Rhode Island Kids Count in December released Improving College Access and Success, a report summarizing a series of focus groups conducted with Providence high school students that asked what support they need to complete the college-application process.
“There is such an illumination of the real issues when you talk to young people who right now, at this moment, are the youth we are talking about,” said Elizabeth Burke Bryant, executive director of Rhode Island Kids Count.
Kids Count, a children’s policy and advocacy organization, partnered last May with Young Voices, a nonprofit that strives to give youth a voice in policy reform, to conduct the focus groups.
More than 60 Providence youths who participate in Young Voices’ year-round Leadership Transformation Academy, which prepares them to push for education policy change at local and state levels, took part in five focus groups.

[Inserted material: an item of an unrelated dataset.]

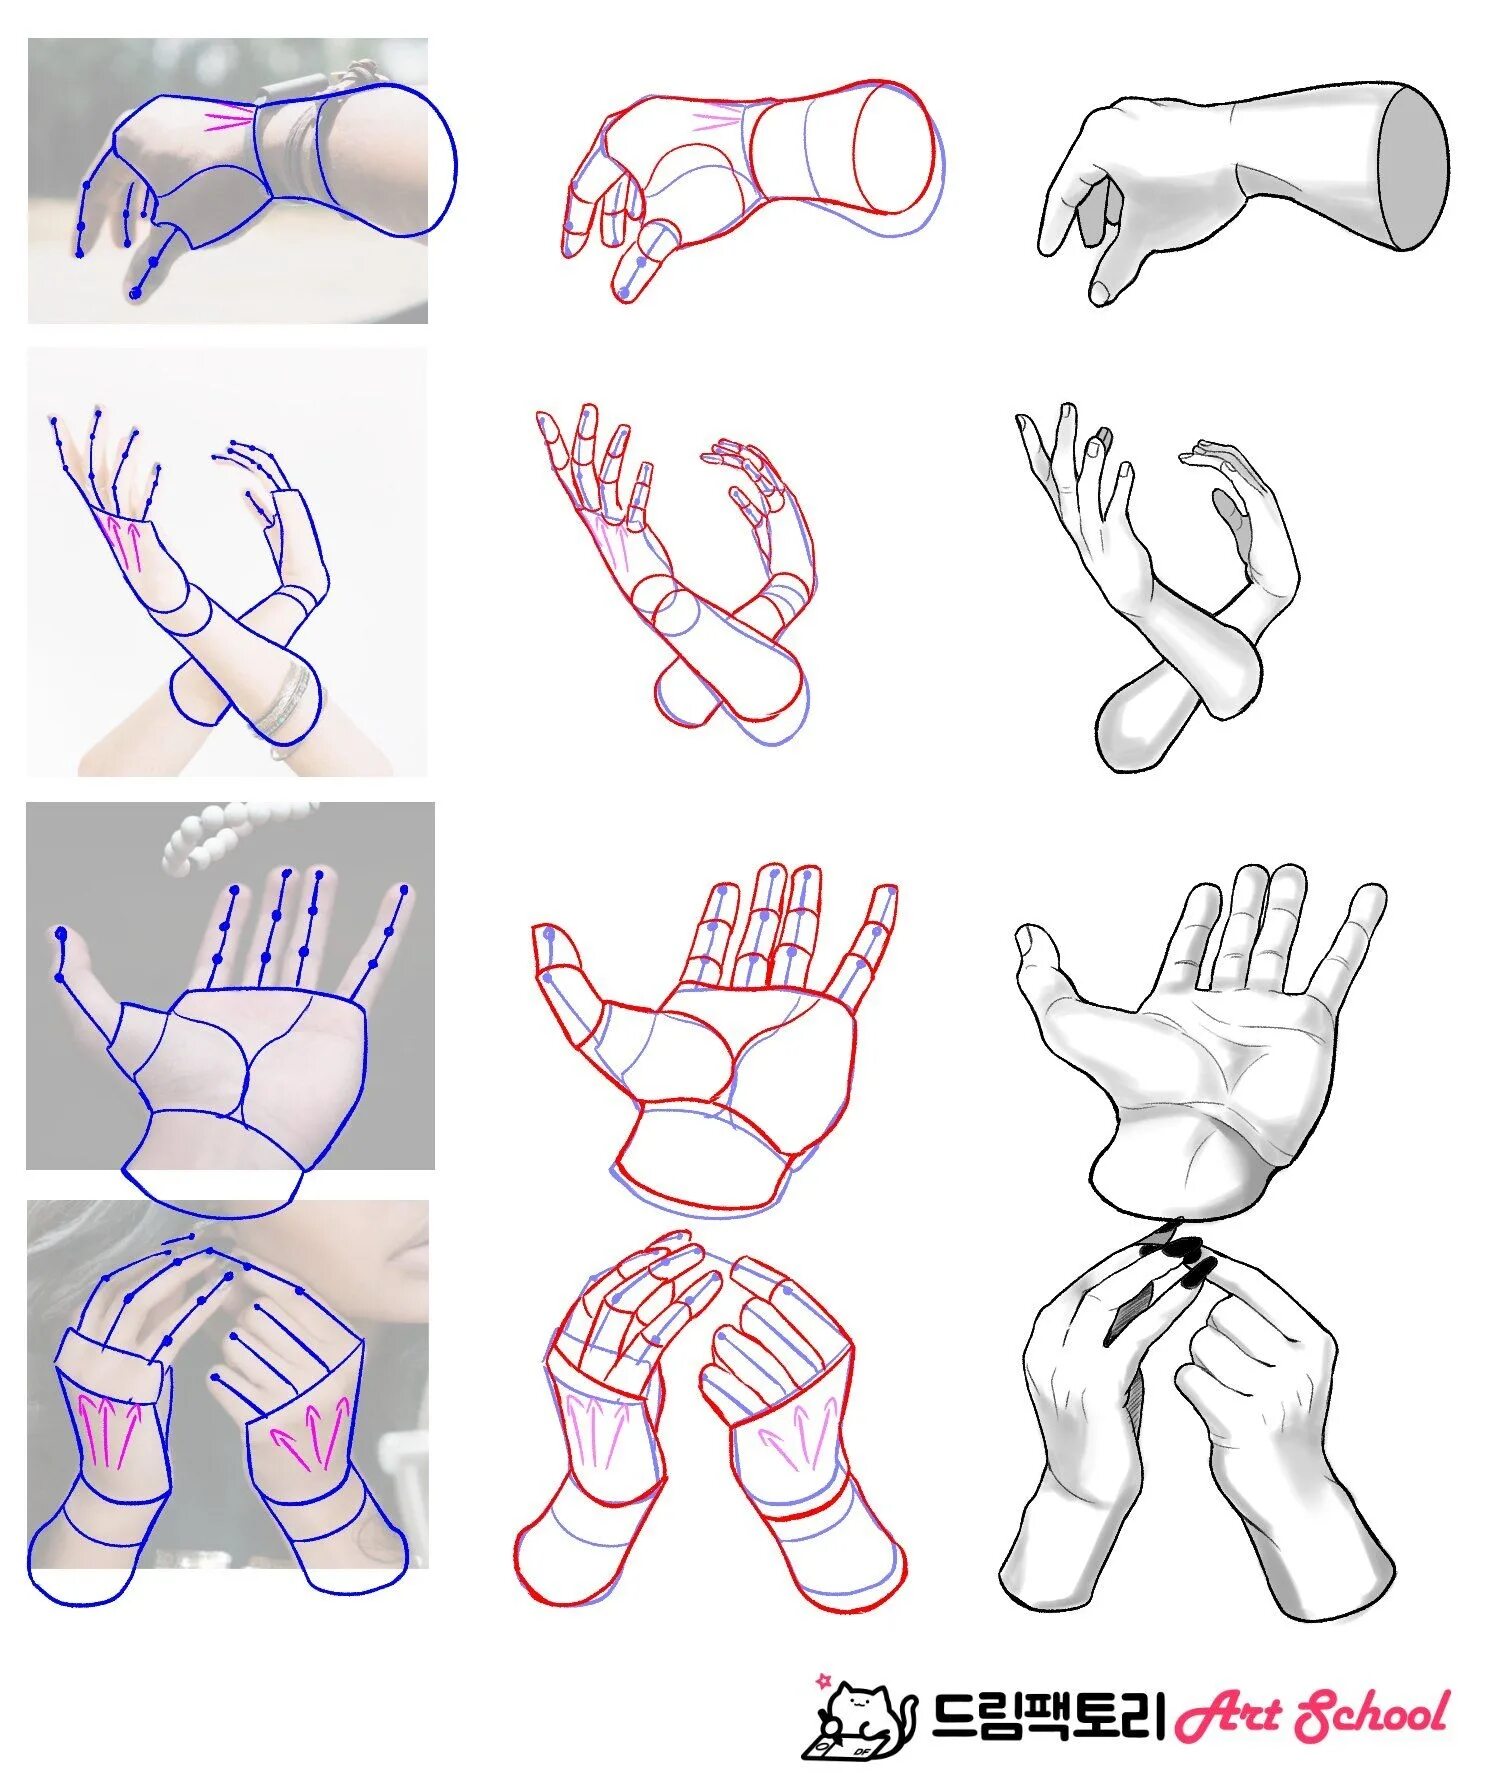 Референс кисти руки поэтапно. Анатомия рук для рисования. Поэтапное рисование рук. Туториал рисования рук.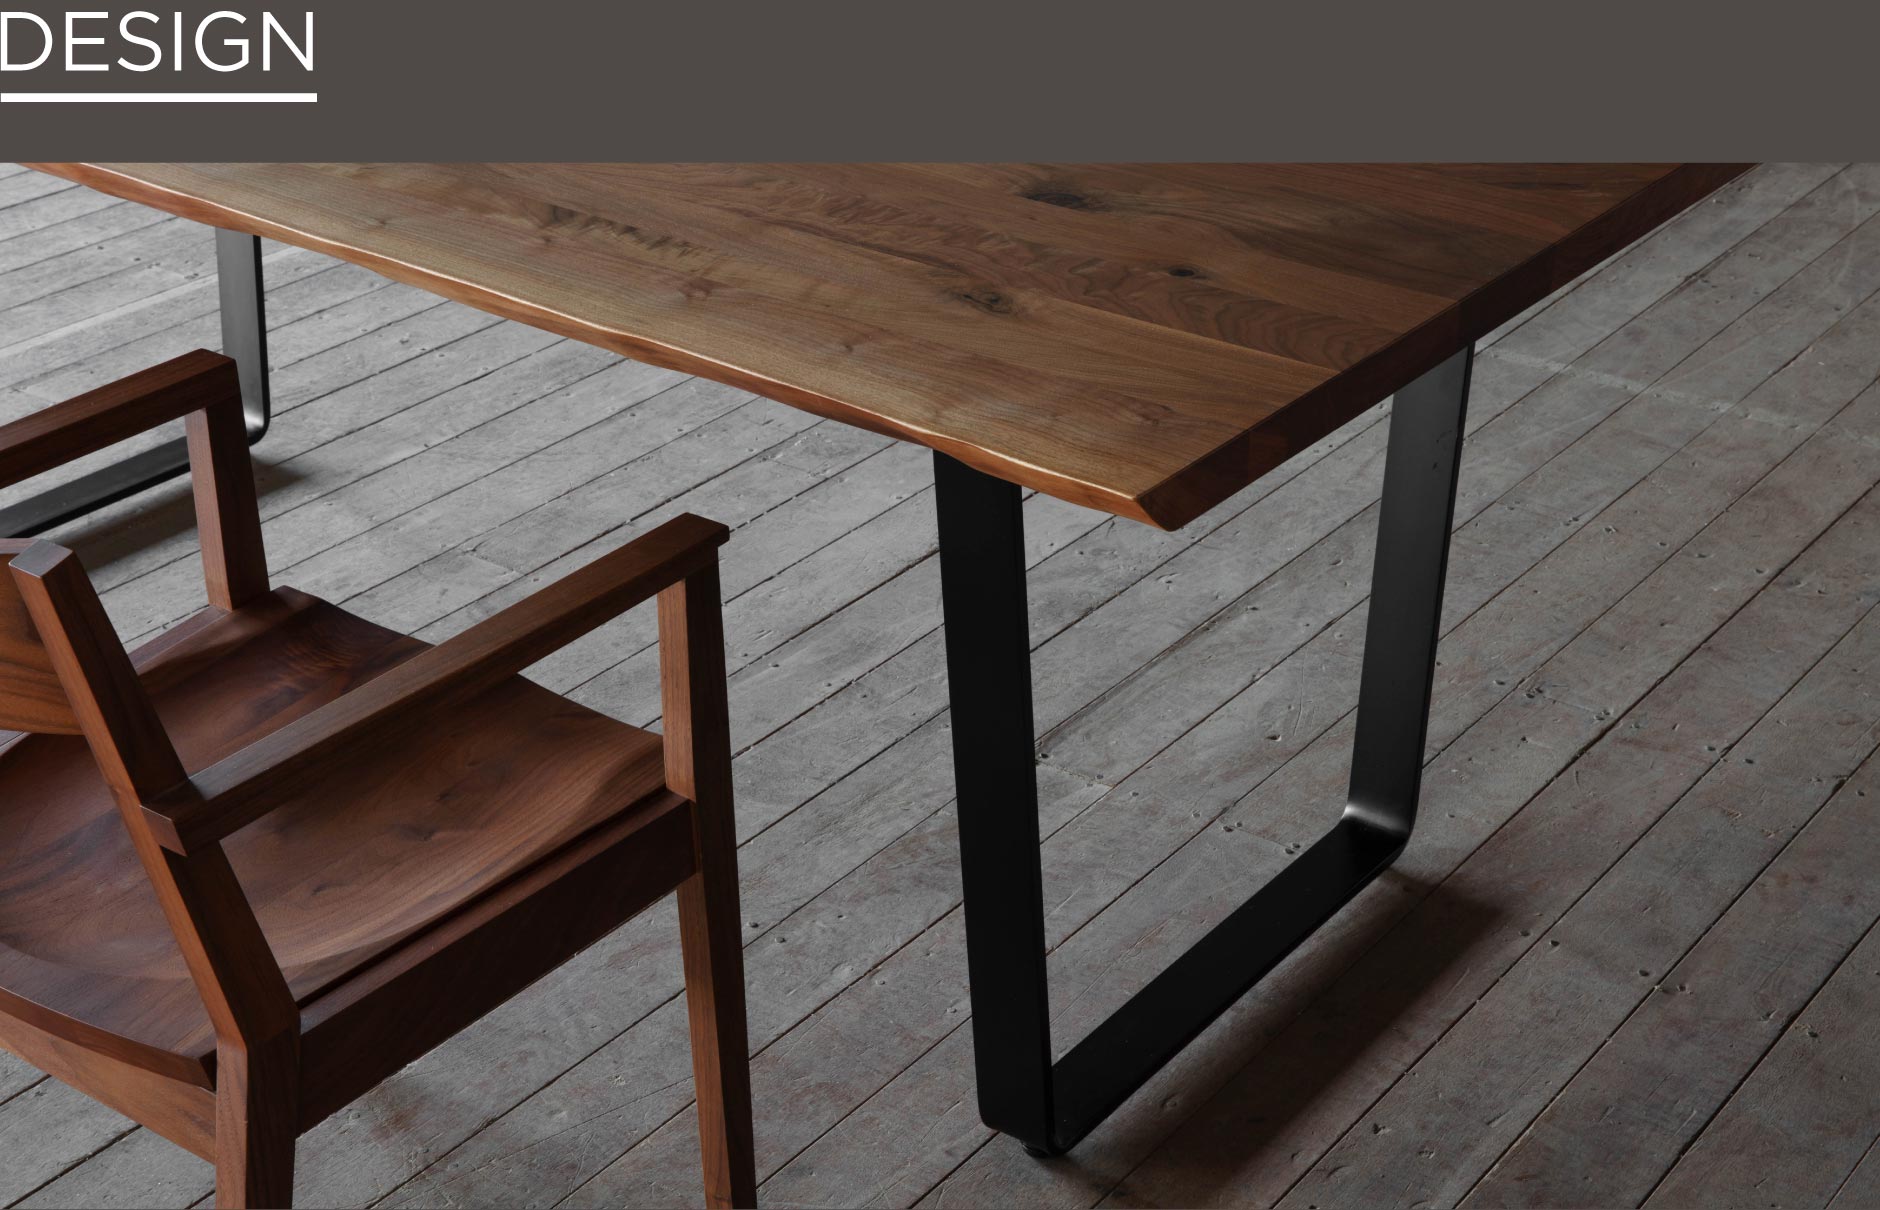 名古屋栄にあるSOLIDの家具の中でも人気の無垢鉄脚タイプのダイニングテーブルです。無垢材と異素材の組み合わせでインダストリアルな空間に。

“A lot of times [adults and leaders] make policies and programs for young people without talking to them and just think we know best,” said Karen Feldman, executive director of Young Voices. “We say we know better but we really don’t.”
The students were asked to comment on how schools and community agencies in Providence were handling encouraging youths to go to college, helping them to identify schools to apply to and helping them and their parents with the application process.
The focus groups included students in ninth through 12th grade. Seventy-five percent of the students attended a Providence public high school and the remainder attended a charter school located in Providence.